- AIM OF THE TASK
Only one stretch of lines is wanted: the line with "動腦筋‧玩遊戲，快樂學習卡：" through the final line of the material. Restate it word for word, minus pictures.

- COLLECTED DATA
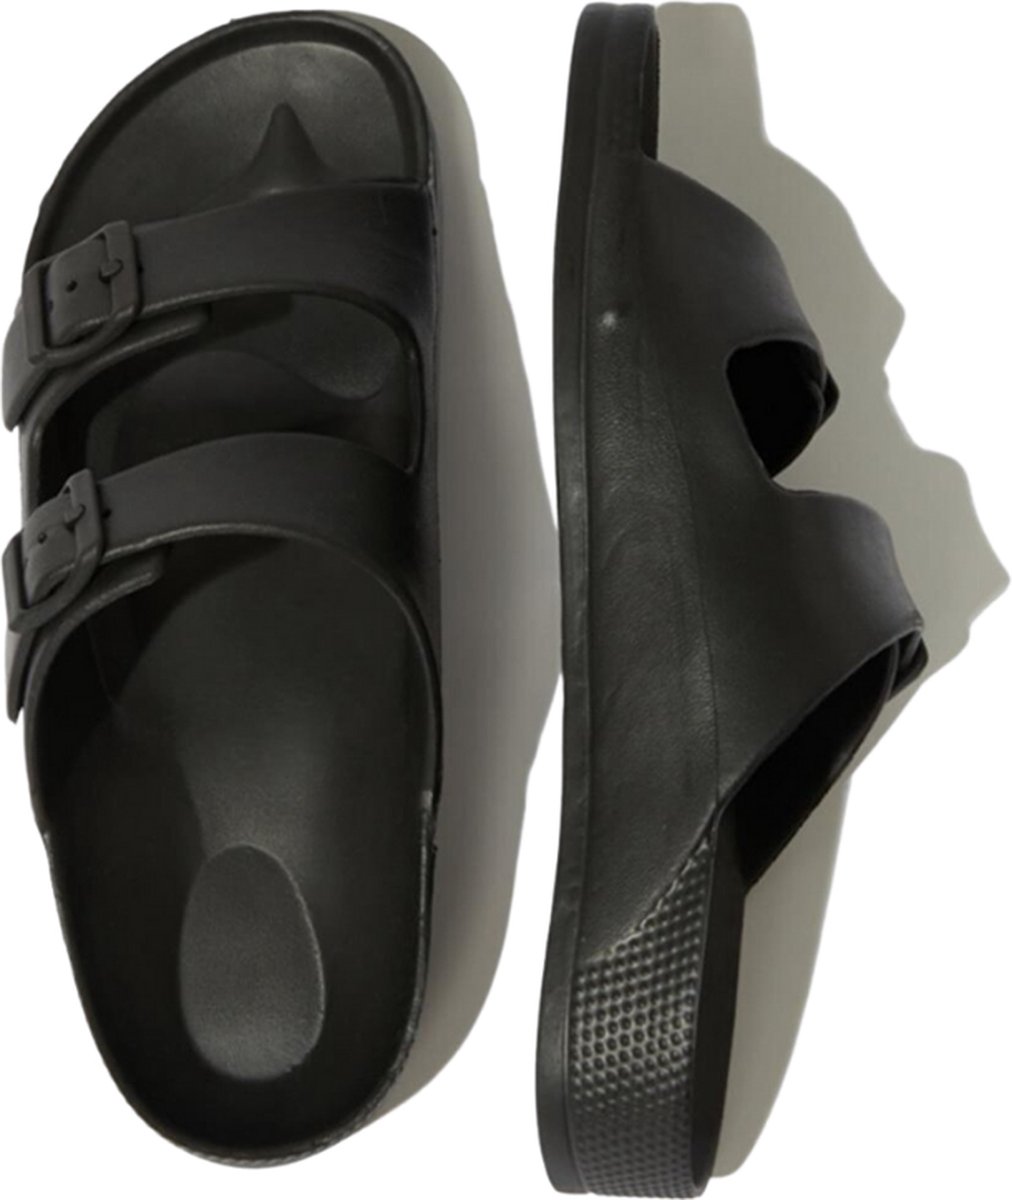 Zwarte slipper - unisex slipper - maat 42 - regular fit - EVA
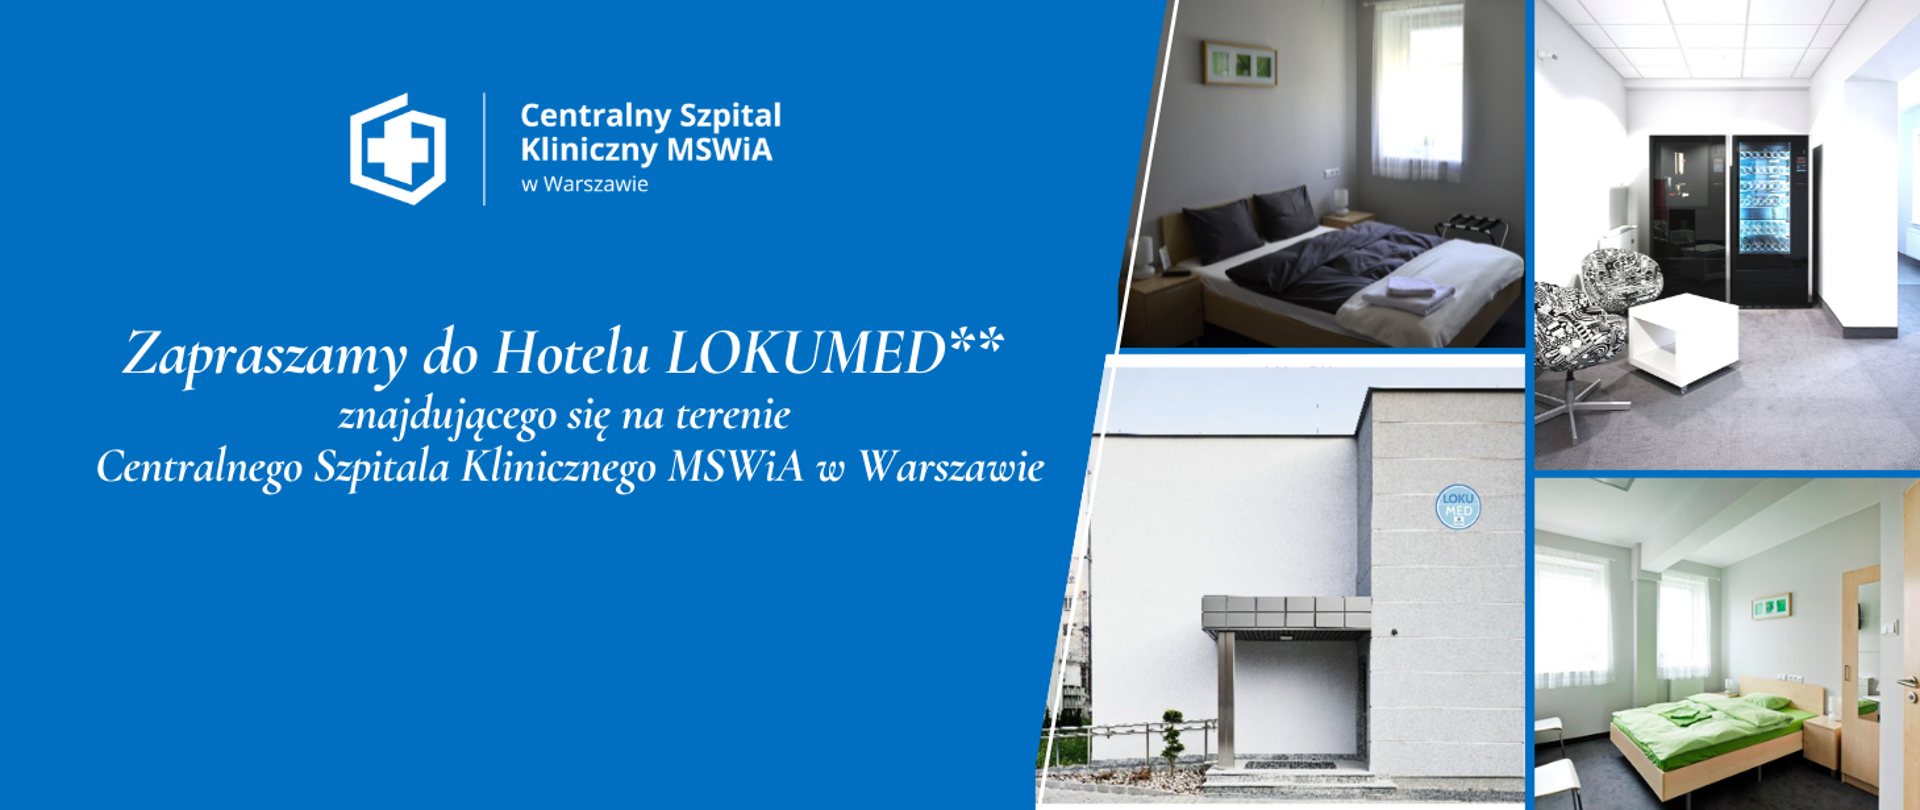 Zapraszamy Państwa do Hotelu LOKUMED** znajdującego się na terenie Centralnego Szpitala Klinicznego MSWiA w Warszawie budynku „O”.
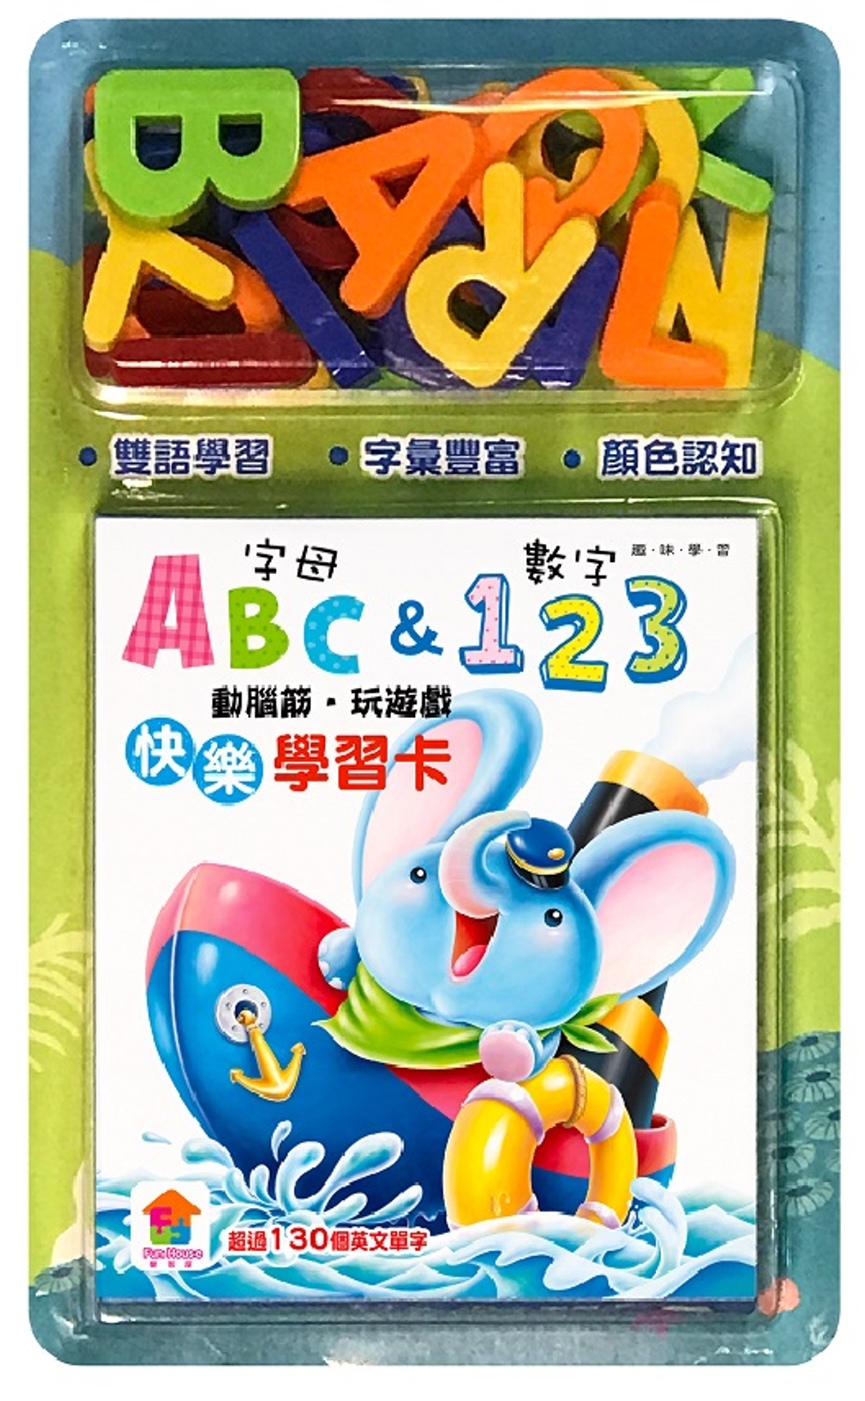 動腦筋‧玩遊戲，快樂學習卡：字母ABC&數字123（內附32張英文&字母單字學習卡、1組磁鐵學習組(26個大寫字母)）(限台灣)
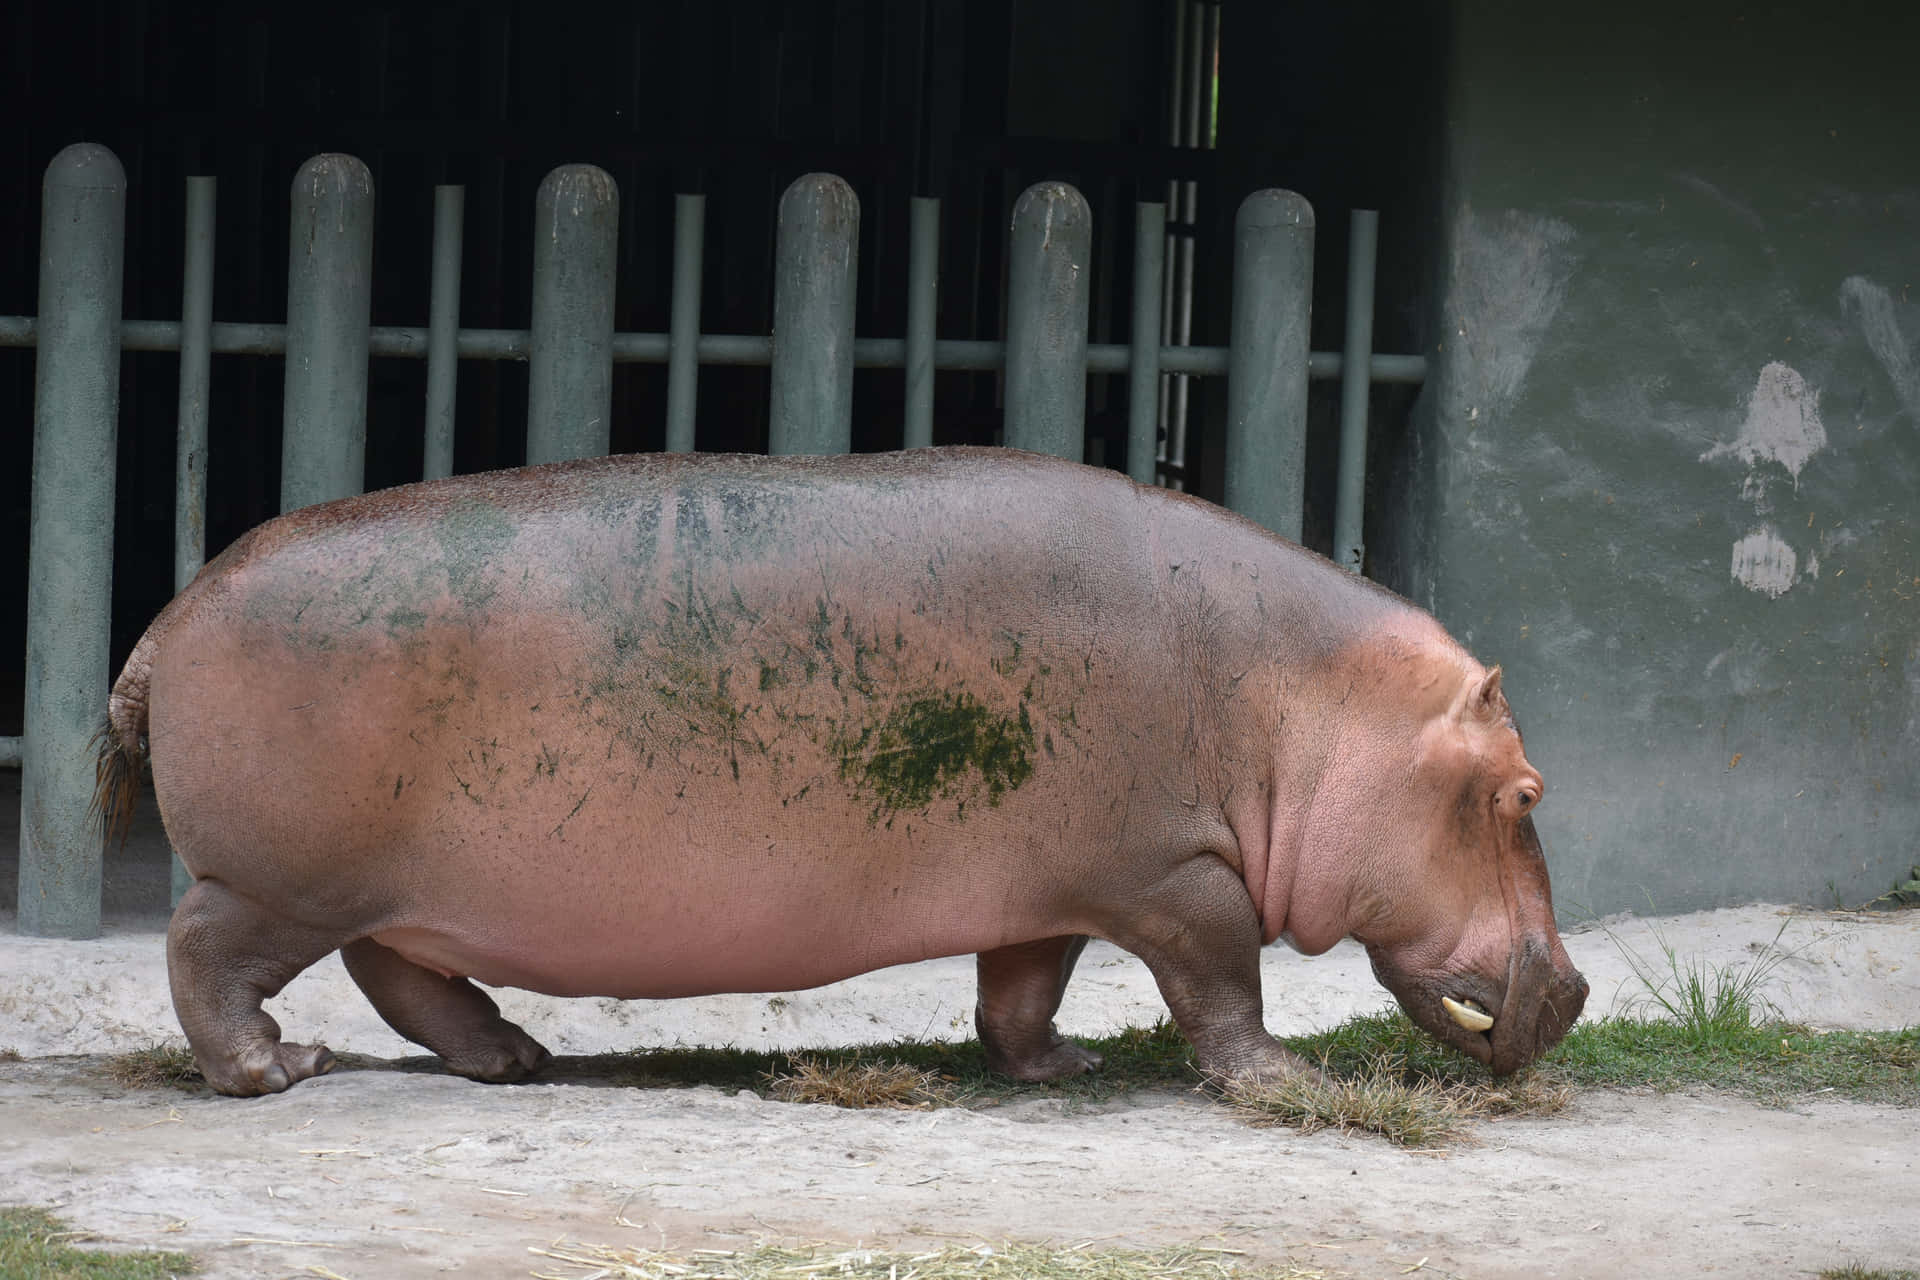 Imagende Un Hipopótamo Regordete Comiendo Hierba.

- EXERCISE RESPONSE
 動腦筋‧玩遊戲，快樂學習卡：字母ABC&數字123（內附32張英文&字母單字學習卡、1組磁鐵學習組(26個大寫字母)）(限台灣)
 Imagende Un Hipopótamo Regordete Comiendo Hierba.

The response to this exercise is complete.